WASHINGTON — SpaceX had its busiest month yet in April in terms of launches as the company emphasizes the value of a high flight rate.
A Falcon 9 lifted off from Cape Canaveral’s Space Launch Complex 40 at 5:27 p.m. Eastern April 29 carrying a payload of 53 Starlink satellites. SpaceX confirmed a successful deployment of the satellites an hour after liftoff.
The rocket’s first stage landed on a droneship in the Atlantic Ocean, completing its sixth flight. The booster was last used just three weeks earlier on the launch of a Crew Dragon on the Ax-1 private astronaut mission to the International Space Station, a 21-day turnaround that was the shortest between flights to date.
That launch was the sixth by SpaceX in April, the most by the company in any single calendar month. The company has performed four launches in a month several times and five in December 2021. SpaceX has conducted 17 Falcon 9 launches so far this year, keeping the company on pace to meet a goal of one launch a week this year.
“Flight rate is really, really important,” Benji Reed, senior director of human spaceflight programs at SpaceX, said during a panel discussion at the AIAA ASCENDx Texas conference April 28. “Flight rate lets you learn, it lets you grow. You have to fly it correctly. You have to fly it safely.”

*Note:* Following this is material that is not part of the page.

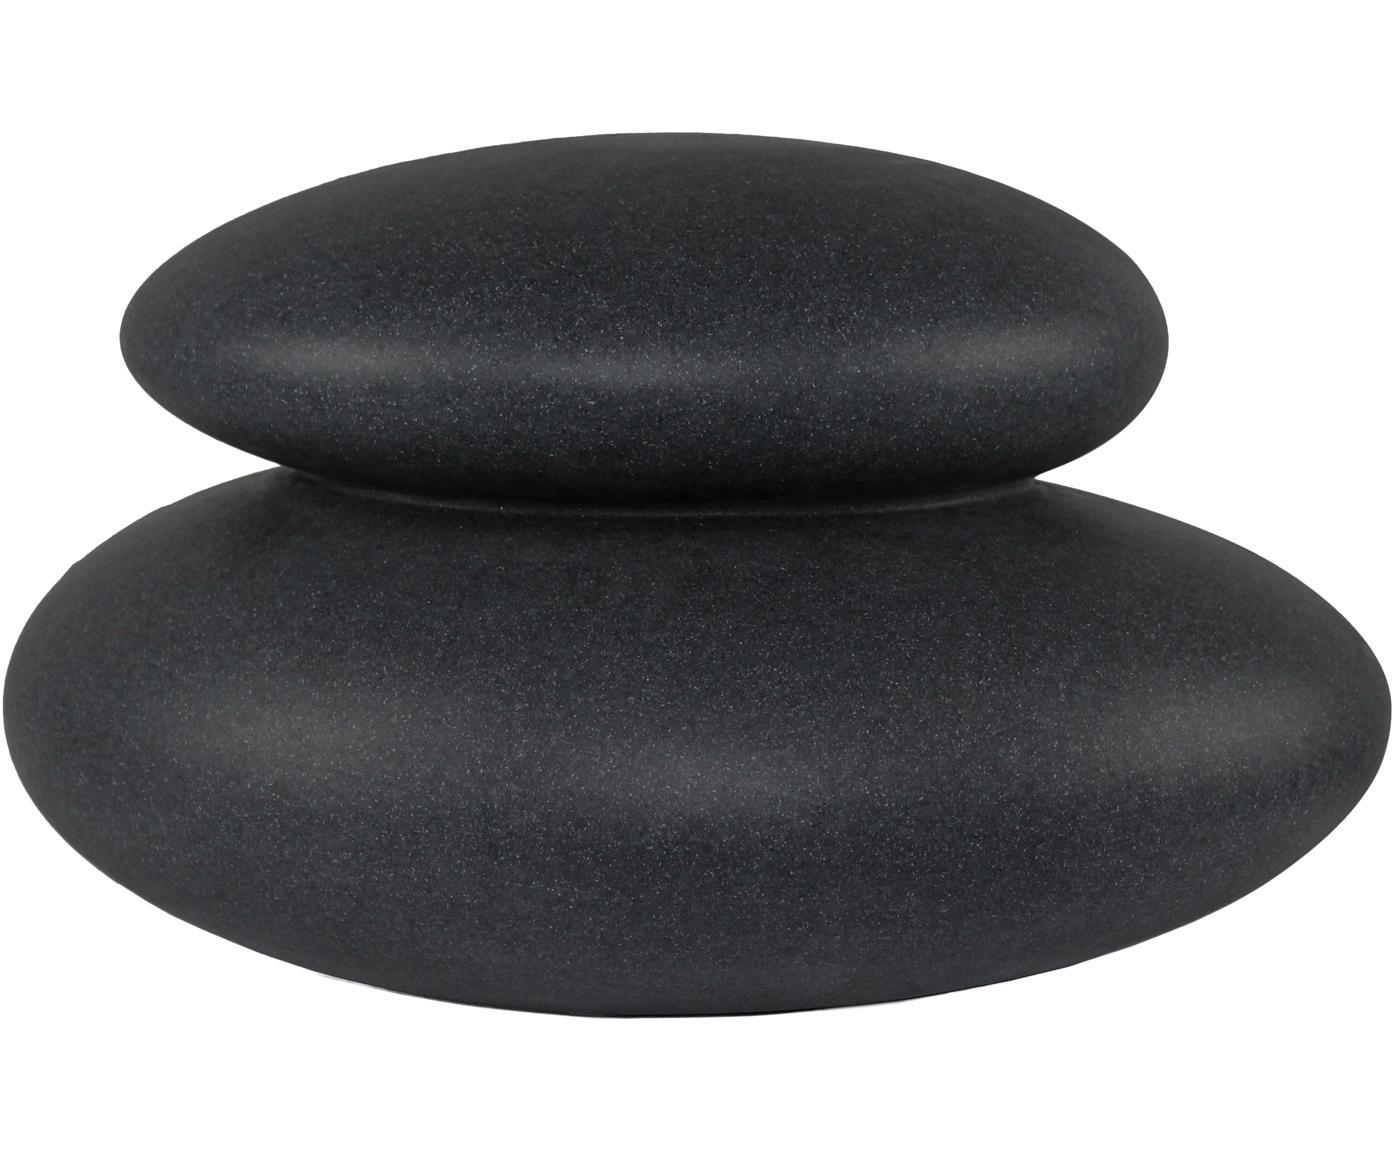 Lámpara de exterior Shining Stone, Plástico, Gris antracita, An 39 x Al 22 cm
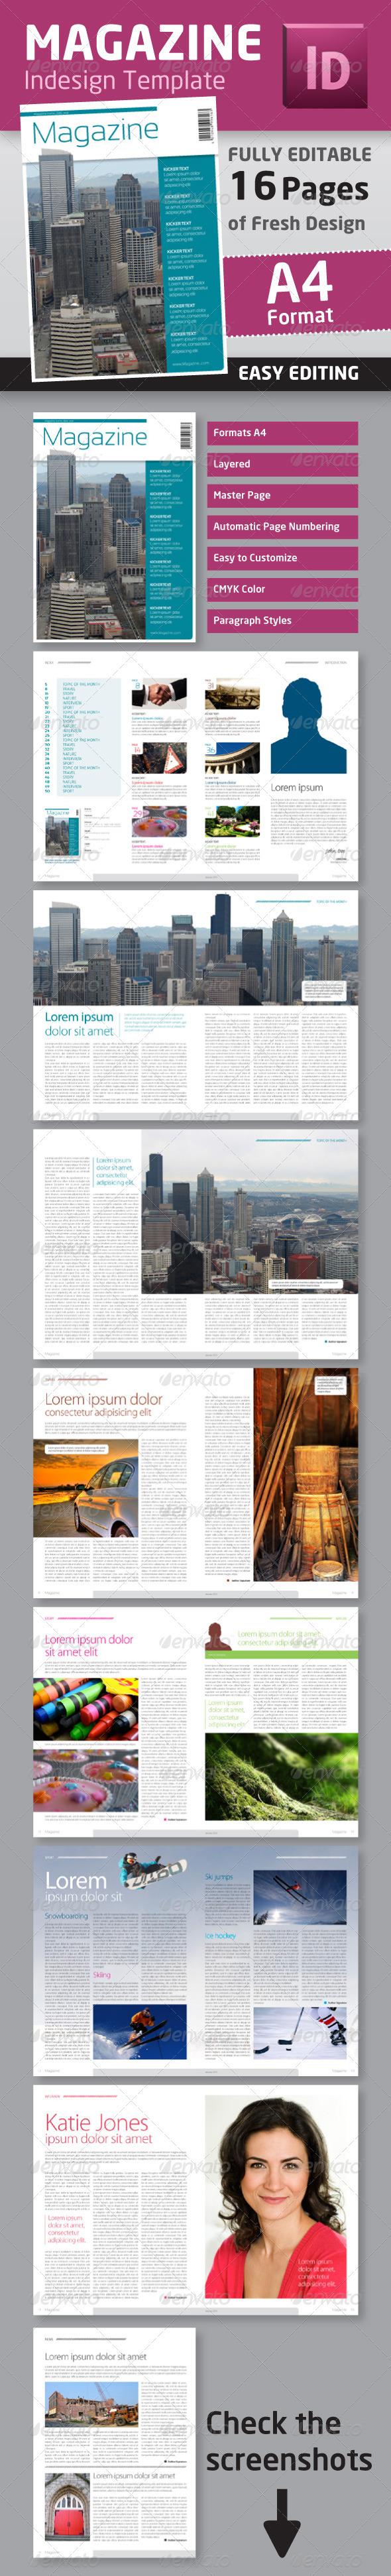 indesign magazine template in a4 format graphicriver. Black Bedroom Furniture Sets. Home Design Ideas

A key factor in that high flight rate is the company’s own Starlink constellation. While only two of the six launches in April were of Starlink satellites — the others were the Ax-1 and Crew-4 crewed missions, the Transporter-4 rideshare mission and the NROL-85 classified mission for the National Reconnaissance Office — 10 of the 17 Falcon 9 launches so far this year have been for the deployment of the broadband constellation.
The Starlink launches, Reed said, are important for such things as pushing the limits of reusability. “It allows us to really learn and expand the envelope of what it takes to fly at a very high flight rate,” he said.
“This is the kind of flight rate that we need to be thinking about as an industry,” he added. “We should all look forward to the day soon when we are launching every day, every hour, every minute.”
Starship environmental delay
While SpaceX steps up its launch cadence, its Starship program remains mired in delays. The Federal Aviation Administration announced April 29 it was again pushing back the deadline for the completion of an environmental assessment for orbital launches of that vehicle from SpaceX’s Boca Chica, Texas, test site. The new deadline is now May 31, a one-month delay.
“SpaceX made multiple changes to its application that require additional FAA analysis,” the FAA said in a statement to reporters. “The agency continues to review around 18,000 general public comments.”
The FAA didn’t identify what changes SpaceX made and how they might affect the review of what is called a programmatic environmental assessment (PEA). “The FAA is finalizing the review of the Final PEA, including responding to comments and ensuring consistency with SpaceX’s licensing application,” a statement on the FAA website for the effort states. “The FAA is also completing consultation and confirming mitigations for the proposed SpaceX operations. All consultations must be complete before the FAA can issue the Final PEA.”
According to a “permitting dashboard” operated by the Department of Transportation, the assessment did complete one such consultation, involving an Endangered Species Act consultation with the Fish and Wildlife Service, April 22. Another consultation, called the Section 106 Review after its section of the National Historic Preservation Act, is scheduled to be completed in early May.
While this is the fourth time that the FAA has pushed back completion of the environmental assessment, originally scheduled for the end of 2021, it is not clear that this alone is delaying the first orbital launch of Starship. While SpaceX showed a fully stacked Starship vehicle in February in Boca Chica, neither the Super Heavy booster nor Starship upper stage displayed then are expected to fly as the company moved to testing other hardware, with no firm timeline of having a vehicle ready to flight.